Writer-actor-director Chris Rock’s Top Five is the hot film of the season, with his face appearing on countless magazine covers nationwide. Despite holding the triple-threat title he assumes steering the ship of his new film, Rock sees himself as something more. “I’m not the director. I’m a protector,” he said during a recent New York press event. “I write a script and it’s my job and Scott [Rudin]’s job to protect this idea that I came up with.”

What makes Rock’s idea unique is the way he went about writing and directing Top Five. Coming across like the standup routine of a rusty comedian, the uphill slow start of the film steadily warms and increases in funny as the storyline ascends to the end. This all reflects Rock’s script—focused on his starring role as Andre Allen (no, not Woody Allen, Andre Allen), an A-list comedian turned actor hoping to change his image as a funnyman and brand himself as a dramatic actor. Years removed from the standup world, Andre’s life outlook changes over 24 hours as he promotes his new “serious” movie while simultaneously preparing to marry a popular reality TV star (Gabrielle Union). An interview turned therapy session with a critical journalist (Rosario Dawson) helps Andre face the truth and exorcise fears holding him back.

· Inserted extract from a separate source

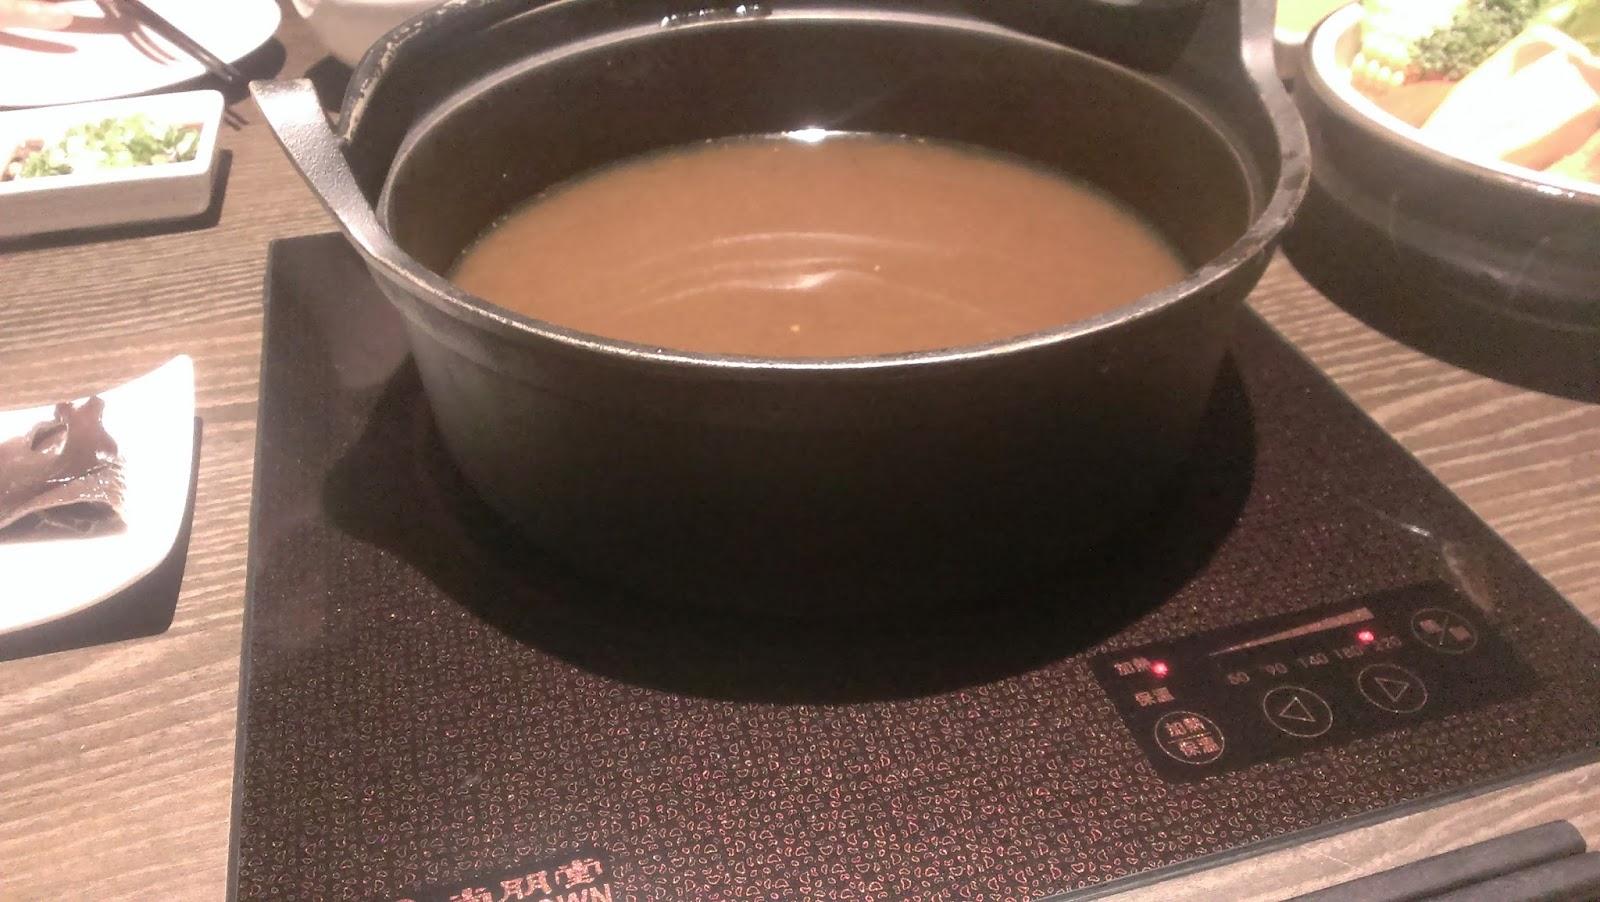 2014 11 08%2B18.32.48 - [食記] 香聚鍋 - 高價、精緻的火鍋,食材新鮮多樣適合好久不見的小聚

“While we were filming, we’d be doing something really, really serious and he’d say, ‘Okay, we need a joke right about here,’ says Dawson. “And it wouldn’t be at the beginning or end of the scenes. He was like, ‘Right here we need something to lighten it up.’ That’s why I kept calling him a conductor. Like music.”

While Rock’s film is essentially a self-analysis of the celebrity syndrome of being stuck in a particular branded box (à la the Woody Allen classic, Stardust Memories), the funniest moments are those that are out of the box, full of improv and free roaming. “The way Chris did this movie, it has a standup feel to,” says comedian J. B. Smoove, who plays Silk, Andre’s childhood friend and manager. “And it has a certain amount of laugh per minute. All the rules of comedy apply here.”

The most hilarious scenes bring together Saturday Night Live stars of past and present—like alum Tracy Morgan, and newcomers Leslie Jones and Jay Pharoah. “I wrote a script and there is some improvisation. Now you can’t let everybody improv. Tracy Morgan can improv, you know what I mean,” he said. “But what I tried to do, what I learned in this movie, what I’m trying to say all the time now is, ‘Yeah, it’s my movie. Yeah, it’s my script… but it’s your part. I wouldn’t even call it improvising, you just let people make the role their own.”

“It was not like anything I experienced before from another director. He could do it almost seamlessly,” says Dawson. “So relaxed about it so you wouldn’t have known. This calculating thing behind the eyes that just always was putting it together and seeing what needed to happen and every once in a while if it wasn’t, he’d just give a gentle little nudge one way or the other. It was amazing.”

Top Five ignited a bidding war when it screened at the Toronto Film Festival this year. Finally selling to Paramount for its full $12.5 million asking price, the overzealous industry love came as a result of Rock being able to protect his creative baby. “You got to protect it, ’cause there’s nothing worse than a bad comedy,” he says. “Drama you actually get credit for completion. You could make nine different versions of Gone Girl that work. But with comedy, there’s kinda one version that works, and you miss anything to the left—one second, two seconds, syllables—and you got nothing. So it’s my job to make sure all this stuff works.”